When looking through an estate planners lens at current economic conditions, a historically low-interest rate environment offers a unique, yet proven opportunity to transfer significant wealth to future generations.
Four alternative options that are predicated on future market recovery to leverage low-interest rates to achieve current estate, gift and in some cases income tax savings:
- Grantor Retained Annuity Trusts (GRATs):
A GRAT is where a grantor contributes assets to a trust and is re-paid the full value of the initial contribution plus a fixed rate of return over a fixed number of years (the annuity). This rate, called the 7520 rate, for May is historically low at 0.8%. The appreciation of the underlying assets above this low rate then transfers to the ultimate beneficiaries (often family members) at the end of the trust term estate and gift tax-free. For a more detailed explanation on GRATs and how gift and estate tax savings are achieved, as well as how GRATs are structured, please refer to our recent post.
- Sales to Intentionally Defective Grantor Trusts (IDGTs):
Arguably a more advanced tool with certain steps needed to establish the IDGT first, a sale of an asset to an IDGT is equally effective.

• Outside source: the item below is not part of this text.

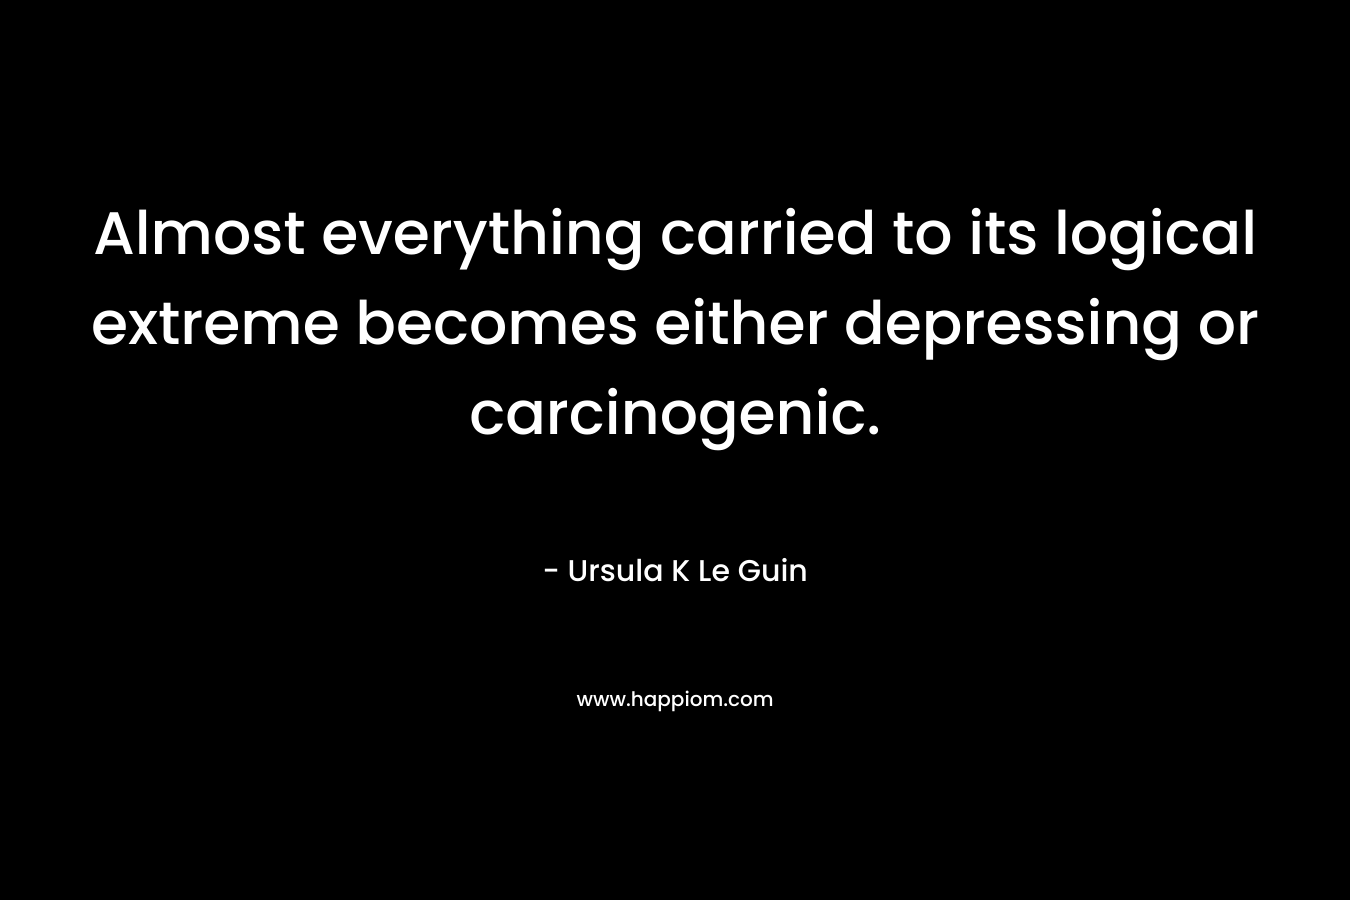 Almost everything carried to its logical extreme becomes either depressing or carcinogenic. – Ursula K Le Guin

An IDGT is a disregarded entity for income tax purposes meaning the grantor is taxed on all earnings by the trust on his or her personal return. A grantor can sell an asset(s) to the IDGT in exchange for a promissory note without creating capital gains taxes. The note with a historically low-interest rate will ‘freeze’ the value of the asset transferred to the Trust allowing for virtually all appreciation after the sale to accumulate estate tax-free. The interest payments to the grantor, albeit at the low rate, are not considered taxable income either.
- Charitable Lead Annuity Trusts (CLATs):
Much like a GRAT in terms of theory, a CLAT has an annuity payment directed towards a charity during the lifespan of the trust as opposed to the grantor. At the end of the term, the remaining property along with any appreciation over the required rate of return on the initial contribution is transferred to the remaindermen, often the family members of the grantor. There are separate income tax filings for this type of trust although there is the silver lining of a charitable donation for the grantor based on the present value of the annuity stream. The opportunity for the trust assets to exceed the growth required under the low 7520 rate leads to a higher value passing estate tax-free to the ultimate beneficiaries.
- Intra-family loans:
Perhaps self-explanatory, lending to family members can be accomplished at very low, preferable rates much like other types of mortgage and business financing minus the administrative costs from professional lending. It is important the debt be structured, documented and serviced fully. Interest on the principal is taxable income to the lender. These intra-family loans can also be forgiven over time further limiting the gift and estate tax consequences to lending.
These wealth transfer tools have been used and recommended often by estate planners over the past fifteen years, including throughout the 2008 economic crisis while the Fed held interest rates low and during the continuous growth of the federal estate and gift tax exemption to its current level of $11.58 million. If the last 15, 30, or even 100 years are any indication of things to come, the current economic conditions will shift and the low-interest-rate environment will not remain forever. It is important to speak with your estate planning team and determine if any of these options are appropriate for your personal estate plan.